▶ _Task objective_
Please print, exactly, only the lines in the entries below from the line that has "Poverty in a" through the line that has "Longines Flyback Chronograph 59651 nullmm". Pictures don't go in.

▶ _Material for this exercise_
==================================================
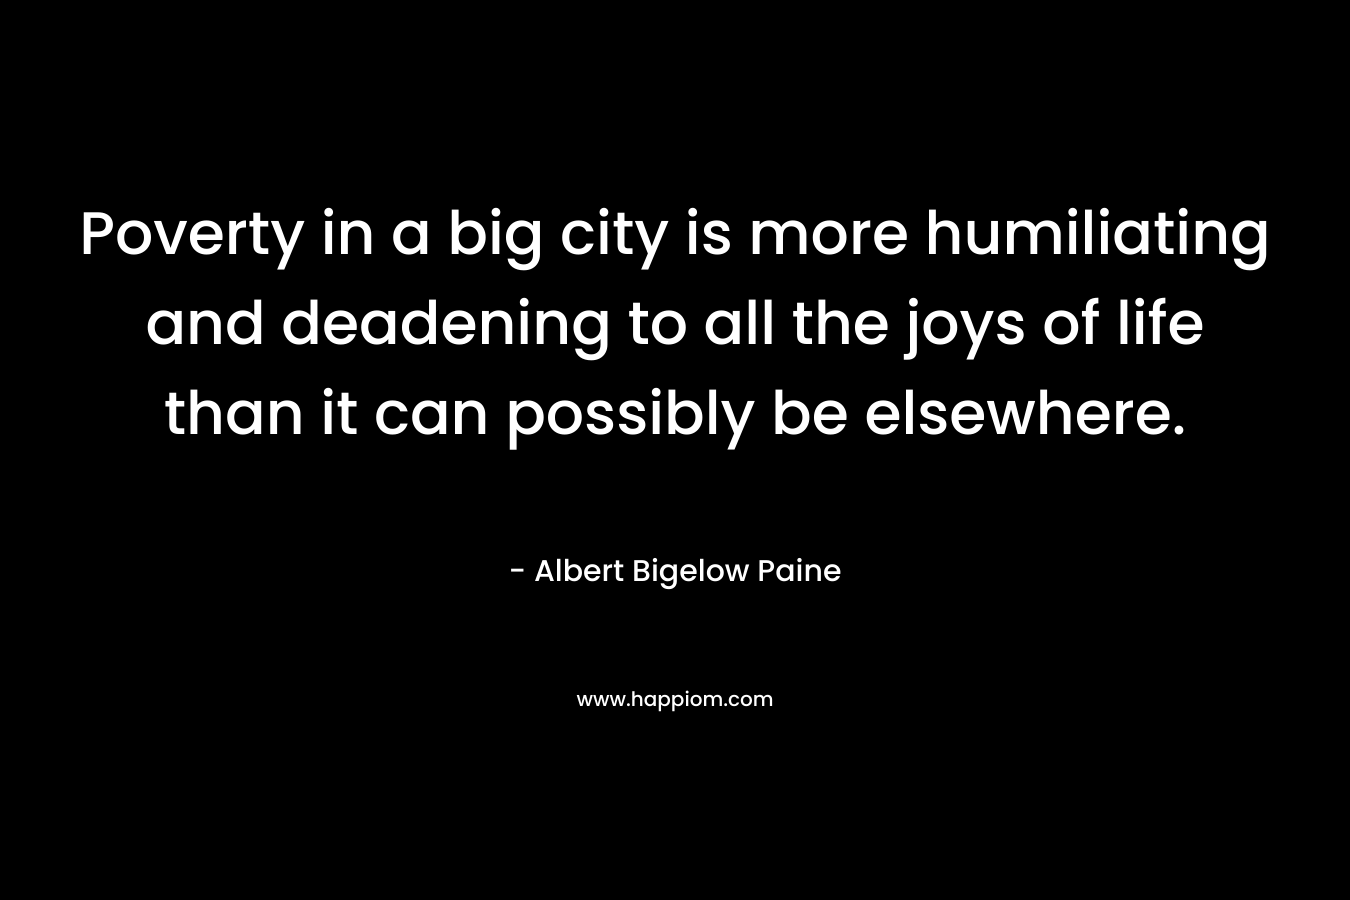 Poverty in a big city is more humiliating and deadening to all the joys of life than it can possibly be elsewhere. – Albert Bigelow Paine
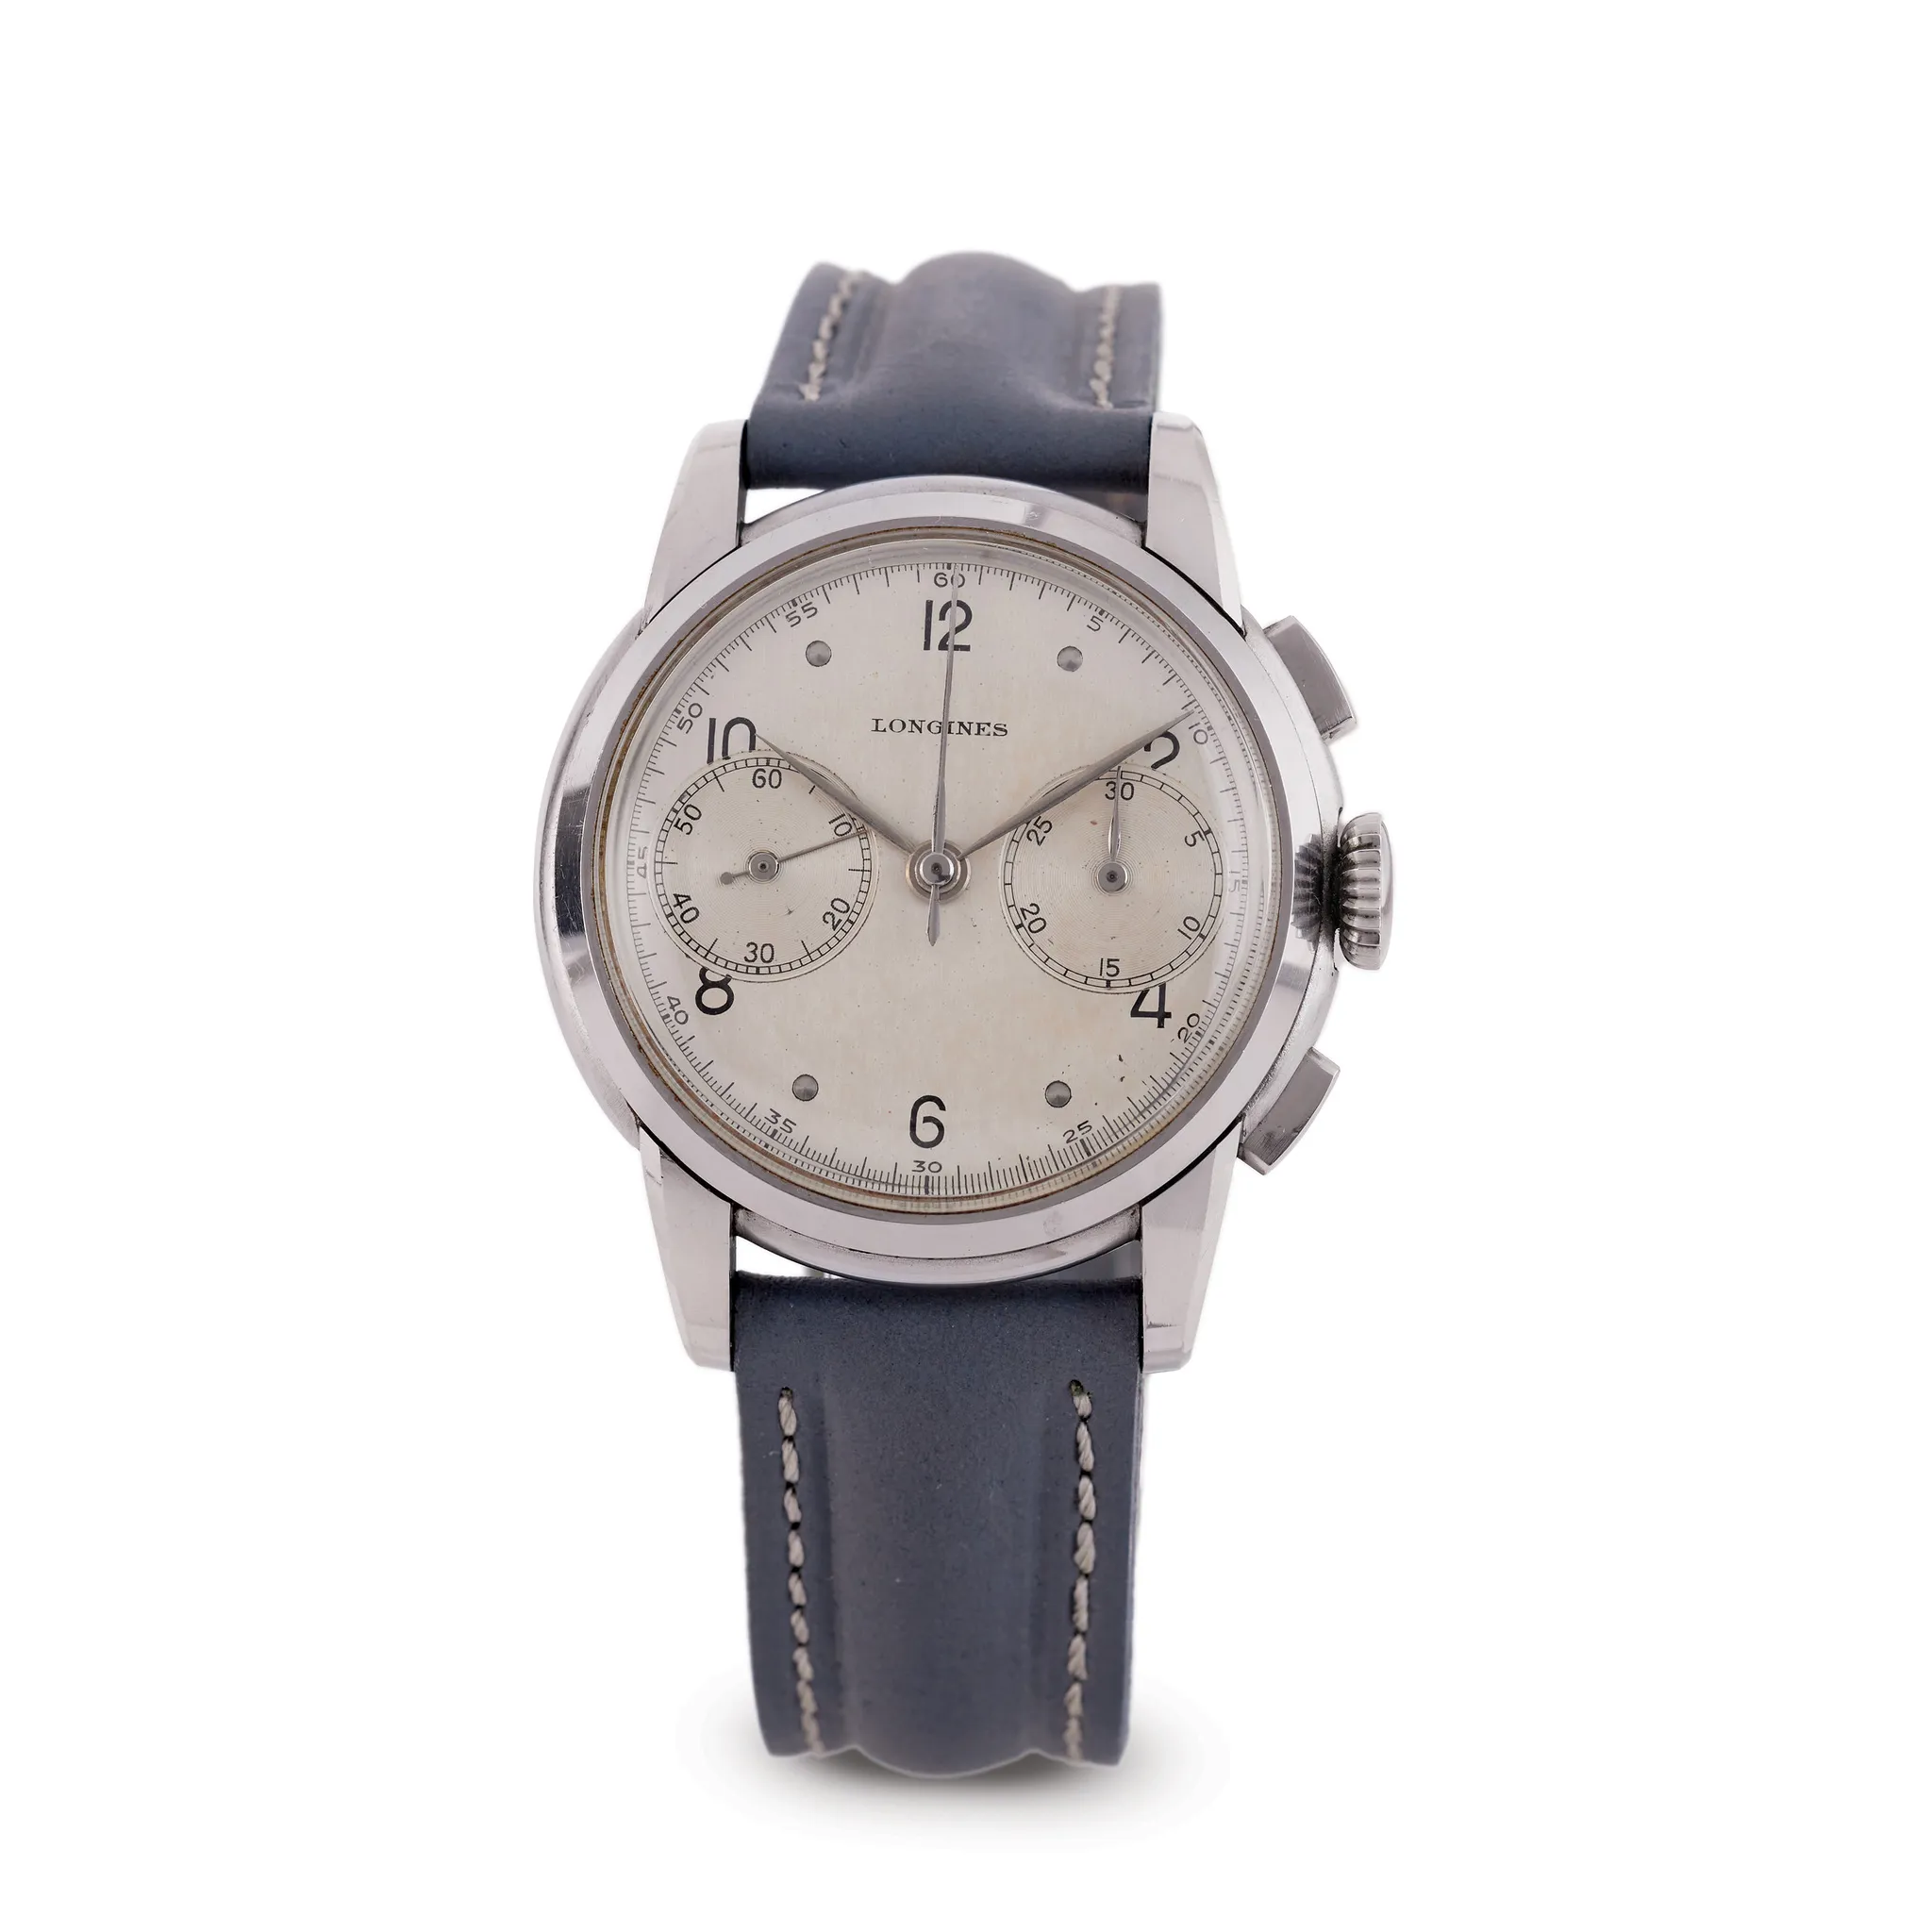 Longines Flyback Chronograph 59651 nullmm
==================================================
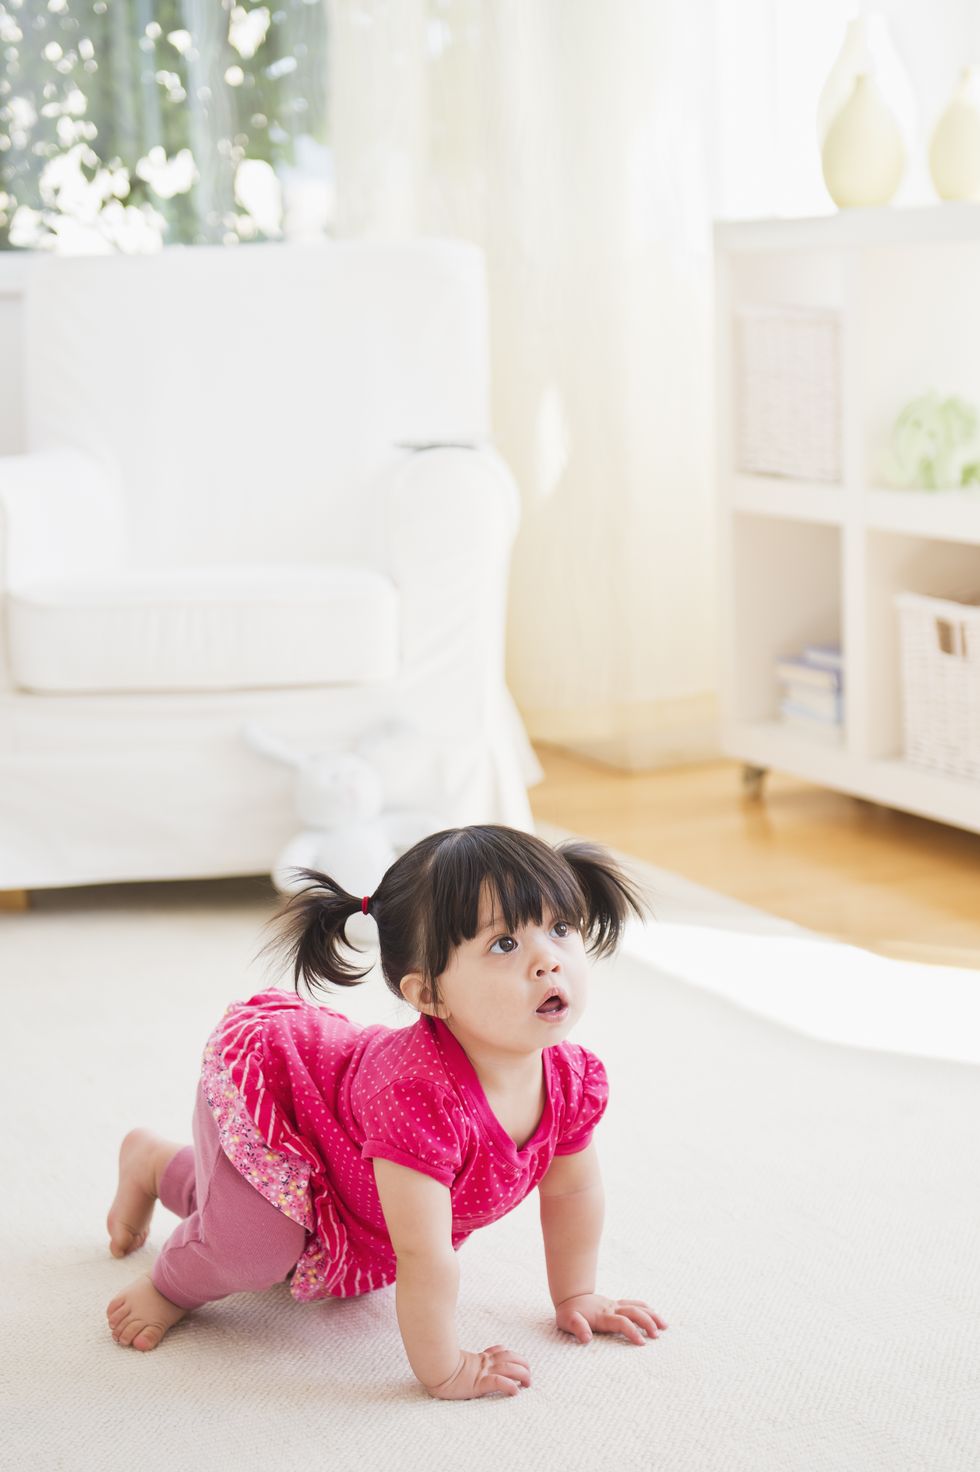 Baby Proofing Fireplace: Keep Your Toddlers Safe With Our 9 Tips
==================================================
▶ _Problem solution_
 Poverty in a big city is more humiliating and deadening to all the joys of life than it can possibly be elsewhere. – Albert Bigelow Paine
 Longines Flyback Chronograph 59651 nullmm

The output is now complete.